If you are bright (I bet you are!) you can tutor him for 11+ yourself. A paper a week, no pressure. The social anxiety of group work won't help him. If he's anything like my ASD son, he'll think everybody else knows all the answers. Not realising that A knew one answer and B knew another, and he is comparing one of him to all of them combined. If the tutor group is not increasing his confidence, remove him from it. It's counterproductive.

PossiblyDreaming · 29/01/2022 11:53

@hivemindneeded I know they’re the CEM papers so I’ve got loads of practice ones to do with him. He just gets in such a flap doing them. The maths particularly allows a really short amount of time for a lot of questions that need proper working out. It’s also all multiple choice but he flat out refuses to consider circling answers for questions that he hasn’t worked out if he runs out of time. It’s just an absolute no go and I don’t know how to encourage him to just do it anyway.

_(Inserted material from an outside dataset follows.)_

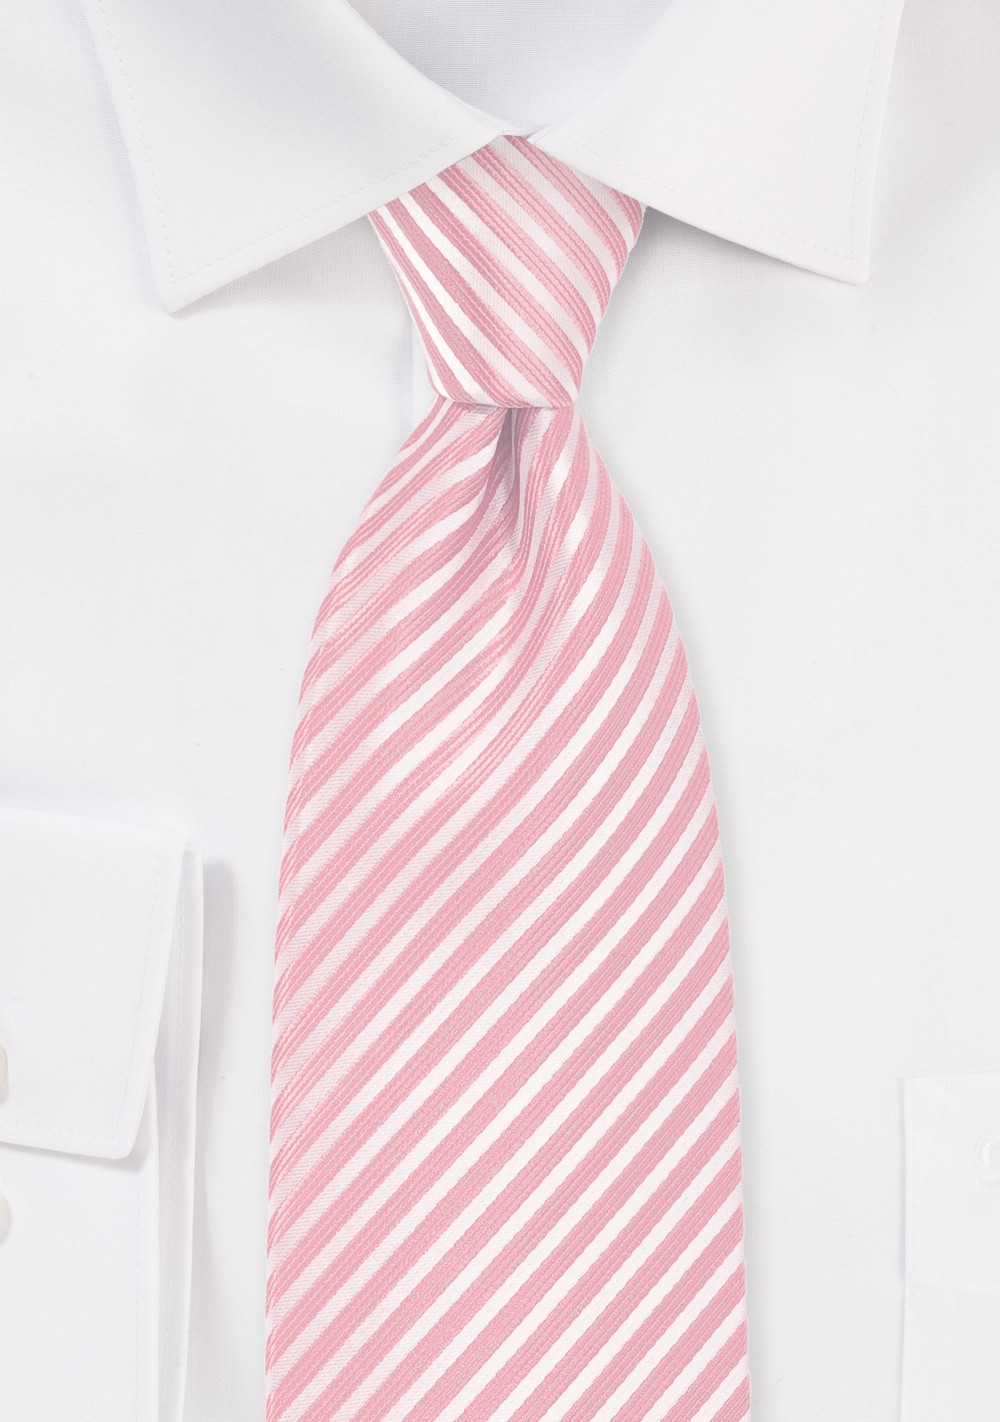 Petal Pink Kids Necktie with Stripes

I haven’t heard of Khan Academy, thank you. I’ll look it up.

OP posts:
hivemindneeded · 30/01/2022 23:07

Just keep explaining that there is a skill called 'exam technique' and one of these skills is to just do all the questions you can do easily first and then go back and look at the others. Just keep reassuring him that this is one of the things they are testing: can you apply 'exam technique' so you don't get stuck on a question you don't understand. It's probably harder for a child with ASD as they like to do things in a certain way, but DS2 managed it as do lots of capable ASD pupils, so he can do it.

You could also ask him to do it as an experiment - try one maths paper not using exam technique and another paper using it and see which paper you get the higher score on. Maybe sit down with him, going over each question and when he struggles, say: OK, exam technique (or ET) that one - dot or star by it and then move on. It's about getting him familiar with the notion so he realises it's not wrong or a failure to miss something out and return to it.

TotalRhubarb · 30/01/2022 23:12

This sounds like a confidence/anxiety issue, as much as anything. Perhaps he’s getting in a bit of a tizzy because of the pressure and then it gets hard to concentrate and think clearly, which makes it worse as he can’t get to the answer, and so it goes on in a vicious circle.

Maybe some ways to calm and centre himself would help, and if there’s time, some therapy?